This “expert” made me lol

Yesterday I was doing some research for a client, and I stumbled across this “pearl of wisdom”:

“For 2014, it’s important to remember two things: 1) everything is online and 2) people are smarter than they used to be.”

This was in an article about marketing for mortgage brokers.

And I literally busted out laughing when I read it.

This “expert” managed to get both of these points completely wrong:

  1. Yes, the Internet has opened up entire new channels for marketers, like email, search engines and social media.

But these new channels haven’t wiped out traditional media like direct mail, TV and radio. They’ve simply given advertisers more choices.

It’s true that a lot of advertisers have moved online because it’s faster and seems cheaper. But now the online world is crowded and full of distractions.
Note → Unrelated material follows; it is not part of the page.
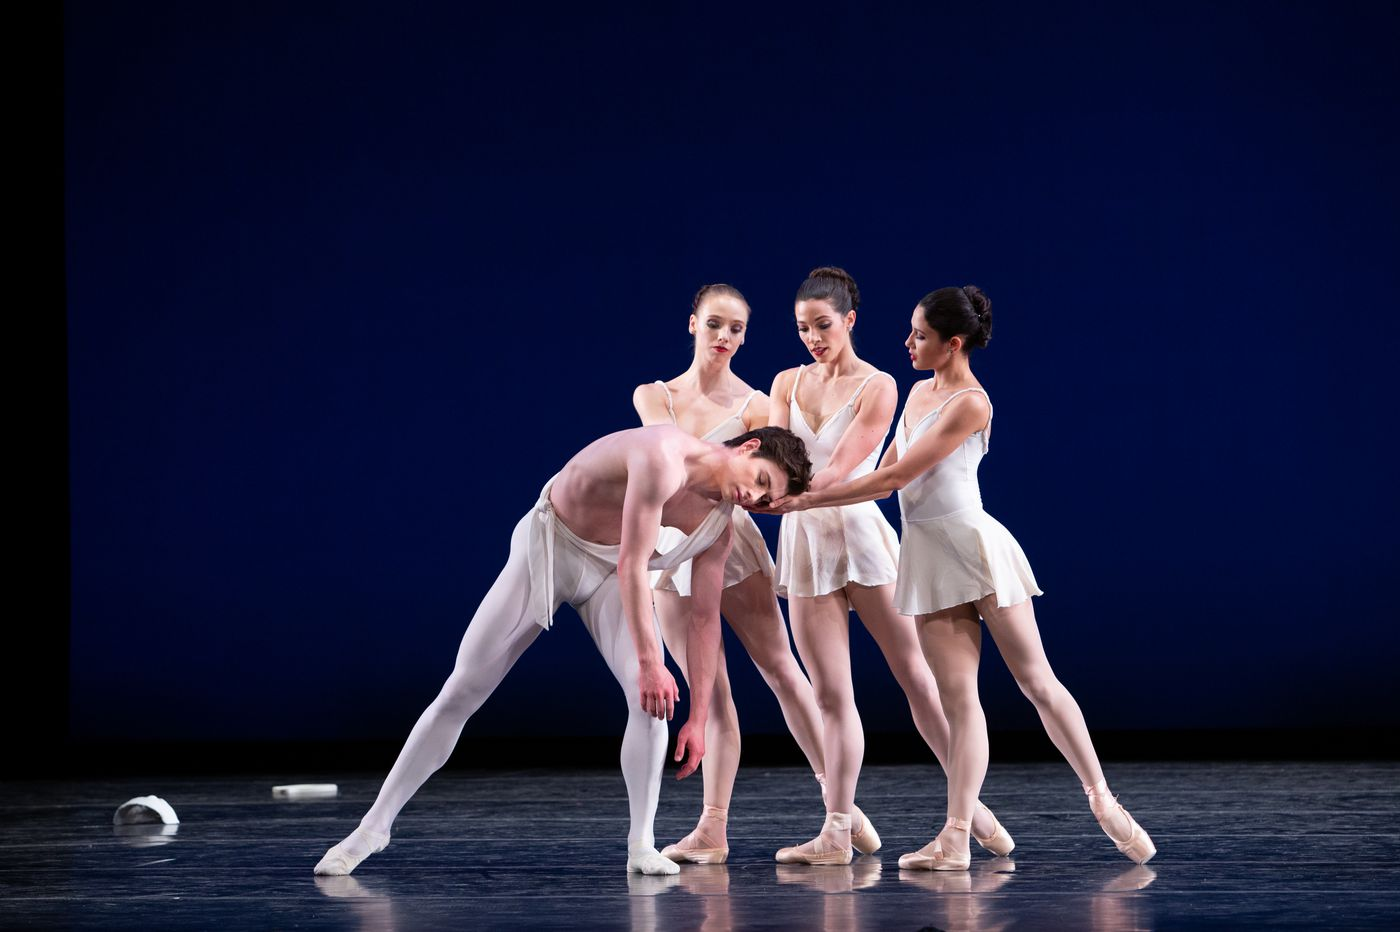 Pa. Ballet's all-Stravinsky program gets those fiendishly difficult rhythms right

Ironically this has made direct mail MORE effective. Many businesses that market exclusively online could 2-4X their revenue by adding direct mail. (Skeptical? Google and Facebook promote their online advertising using… direct mail.)
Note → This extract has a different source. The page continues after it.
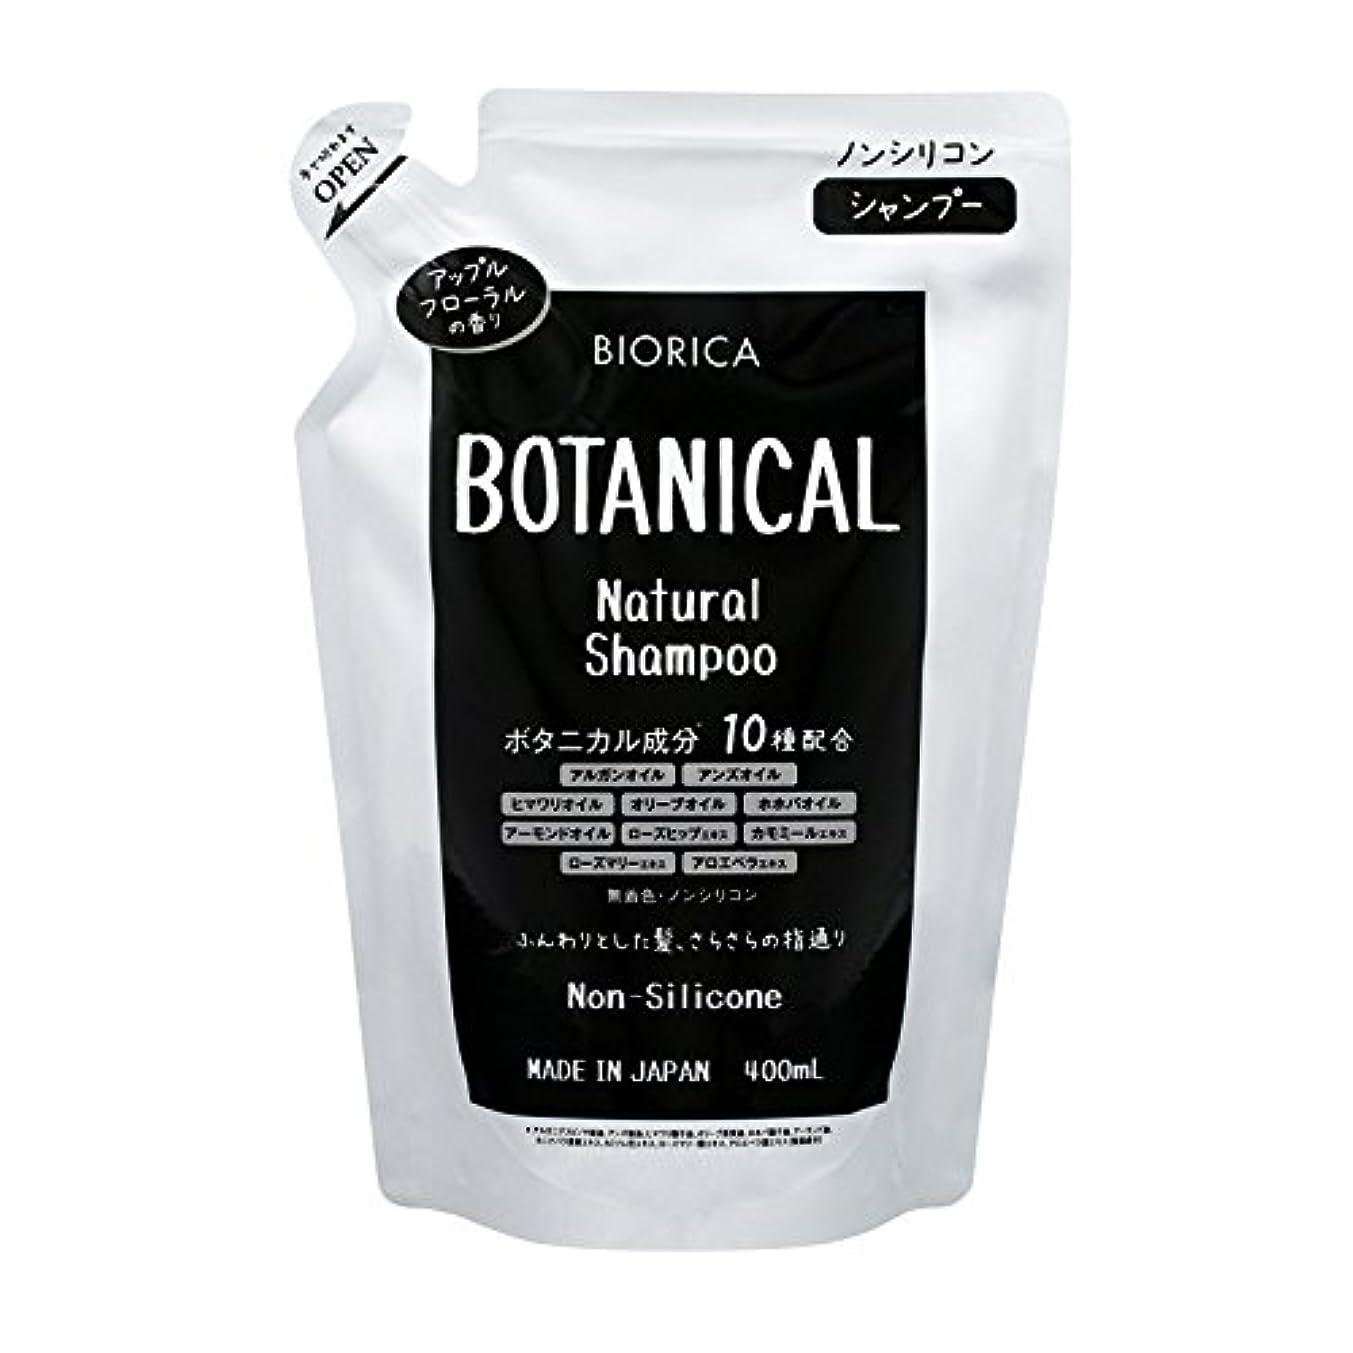 BIORICA ビオリカ ボタニカル ノンシリコン シャンプー 詰め替え アップルフローラルの香り 400ml 日本製

  1. Sorry, no offense to anyone, but people these days are NOT smarter than they were 100 years ago. There’s a whole cottage industry of marketers who like to preach that the arrival of the Internet somehow changed the fundamentals of human nature.

In the old days, these acolytes of progress claim, people were gullible dupes who bought on emotion.

Today’s consumer is more sophisticated. Now people buy on pure logic and reason. Because Twitter.

It’s an appealing message—that we’re somehow smarter than the billions of people who came before us.

But it’s a lie, and embracing this idea in your marketing would be a disaster.

Human nature hasn’t changed since the beginning of time. We still make most of our decisions on the same gut-level instincts and “lizard brain” emotions.

Case in point:

A few months back, I was promoting a webinar in my Sublime Text Tips newsletter. The audience for that email newsletter is mostly programmers—one of the most skeptical, rational audiences you can imagine.

We ran 2 different ads for the webinar. The first was written by the programmer who was hosting the webinar, and it made a strong, logical case for signing up.

The second ad was one I wrote, tapping into a common frustration that web developers feel every day. It was little more than a primal scream of rage, followed with a “click here to sign up.”

My ad outperformed the original ad 3:1.

Here’s my point in all of this:

Marketing isn’t as complicated as people think. The principles that actually work were discovered more than 100 years ago.

When you master the timeless principles, you can sift and sort all the new, shiny tactics that over-eager marketing “experts” try to force on you.

And while other people are chasing mirages and fairy tales, you can just sit back and get your lolz.